[WHAT IS EXPECTED]
Apart from the pictures, the listing is to be returned exactly.

---- PROVIDED DATA

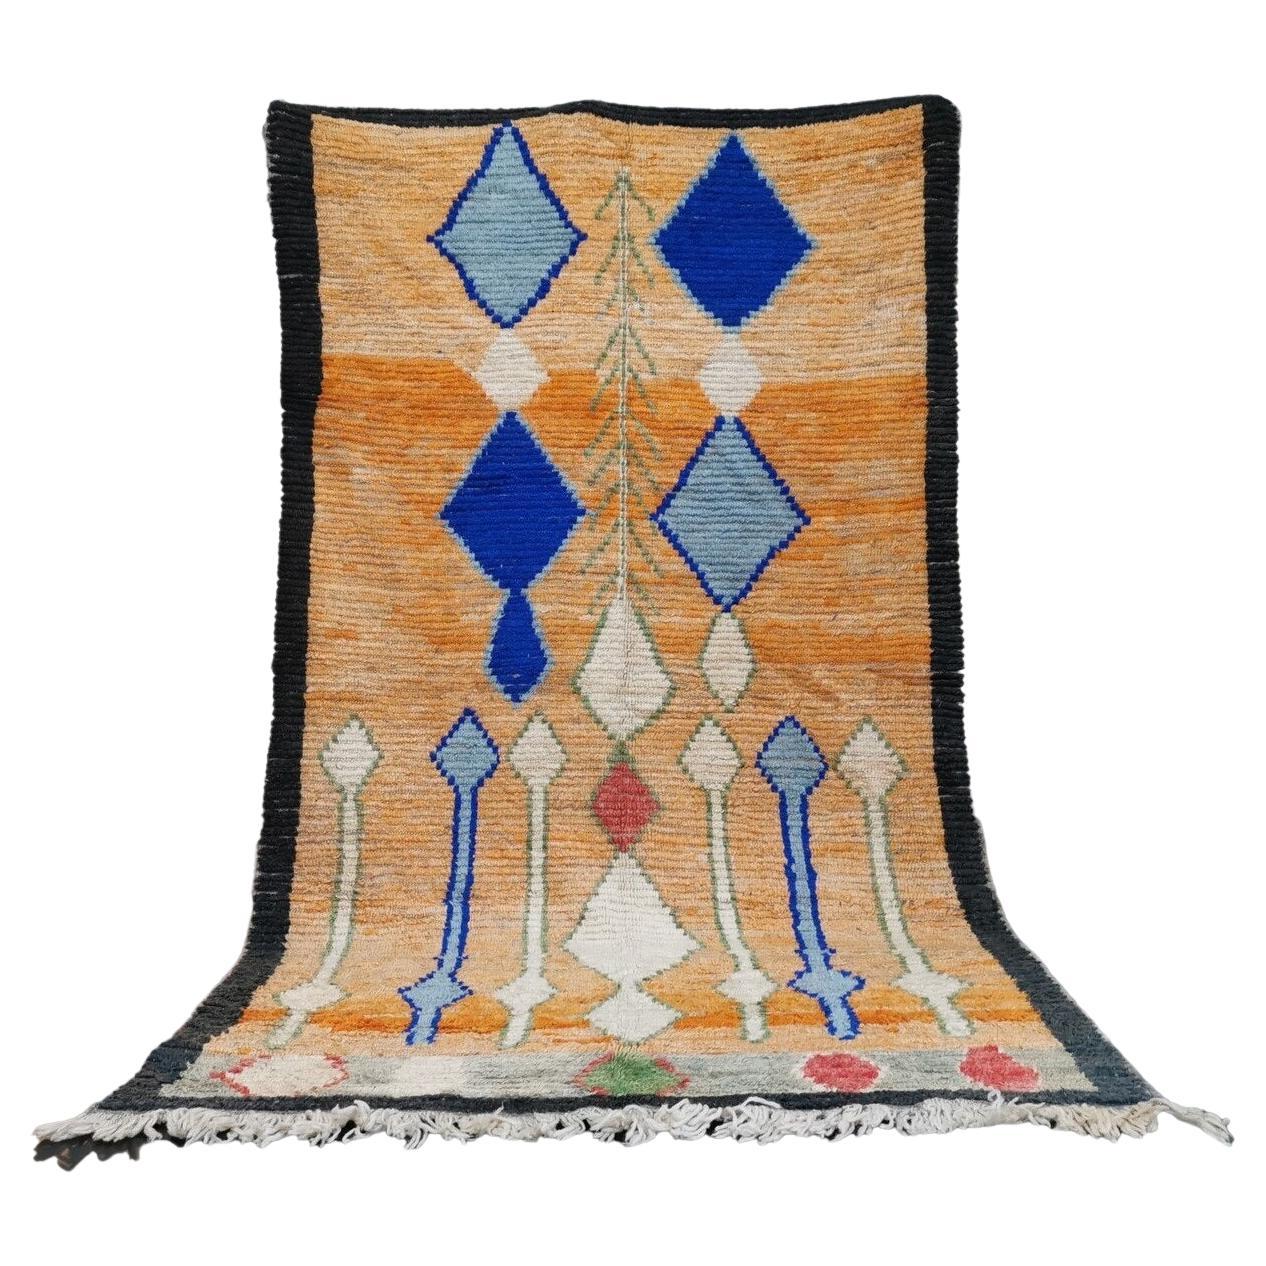 Moroccan Boujaad Rug in Orange with Blue Geometric Patterns
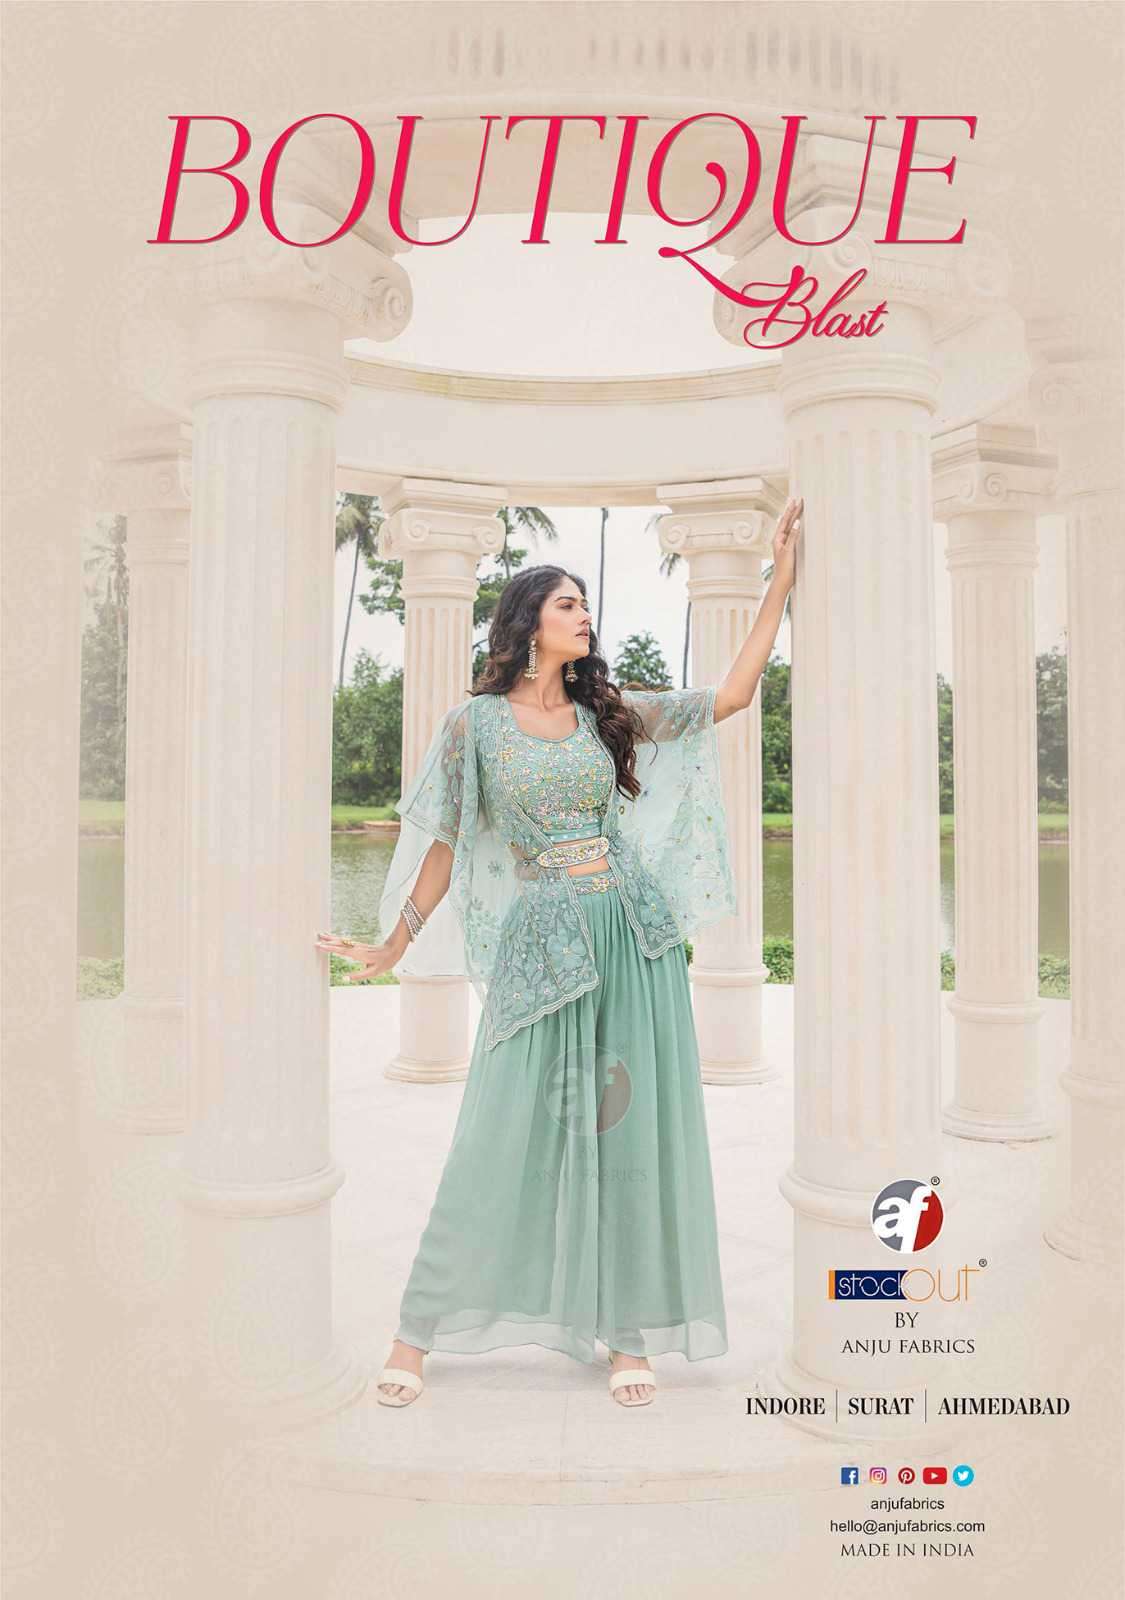 Af Stock Out Boutique Blast By Anju Fabrics Designer Cocktail Outfit Partywear Collection
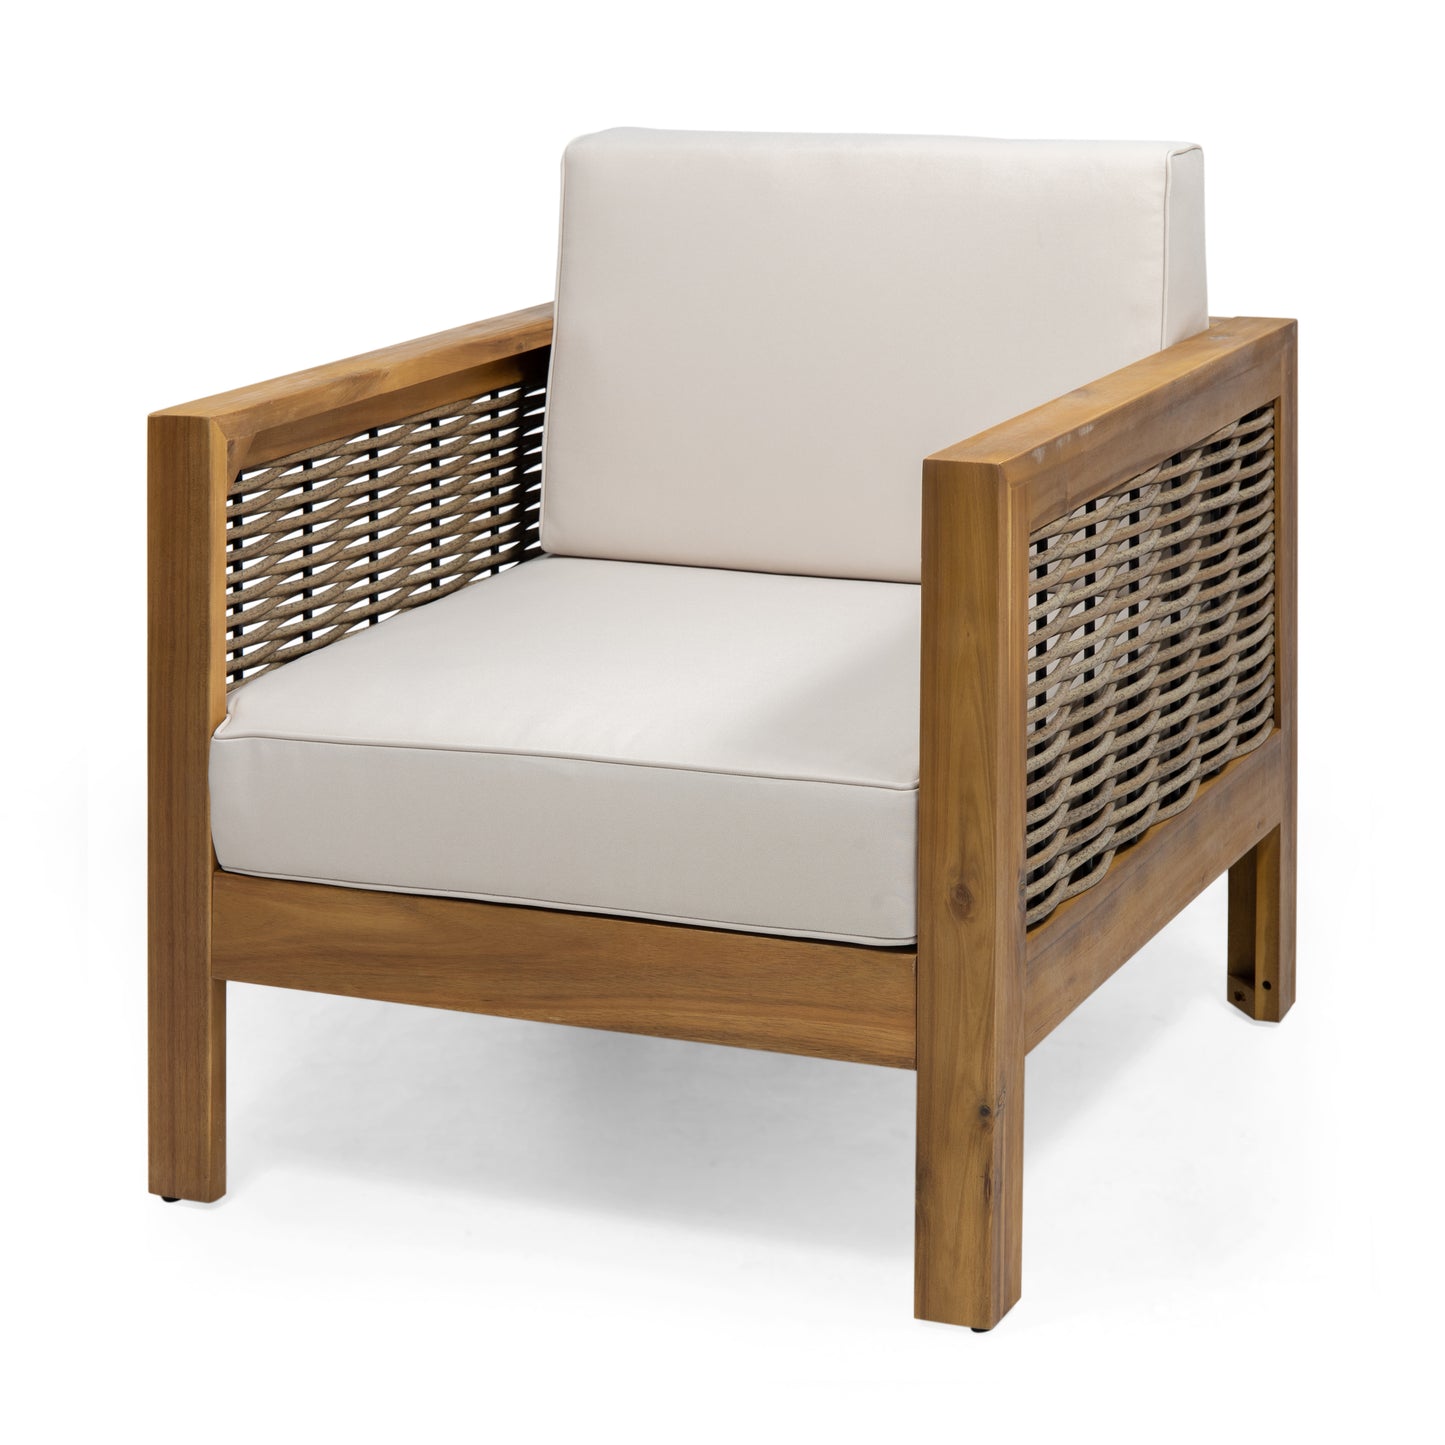 Mayes Outdoor 4 Seater Acacia Wood Chat Set with Wicker Accents

--------

[SOLUTION TO THIS TASK]
 Moroccan Boujaad Rug in Orange with Blue Geometric Patterns
 Af Stock Out Boutique Blast By Anju Fabrics Designer Cocktail Outfit Partywear Collection
 Mayes Outdoor 4 Seater Acacia Wood Chat Set with Wicker Accents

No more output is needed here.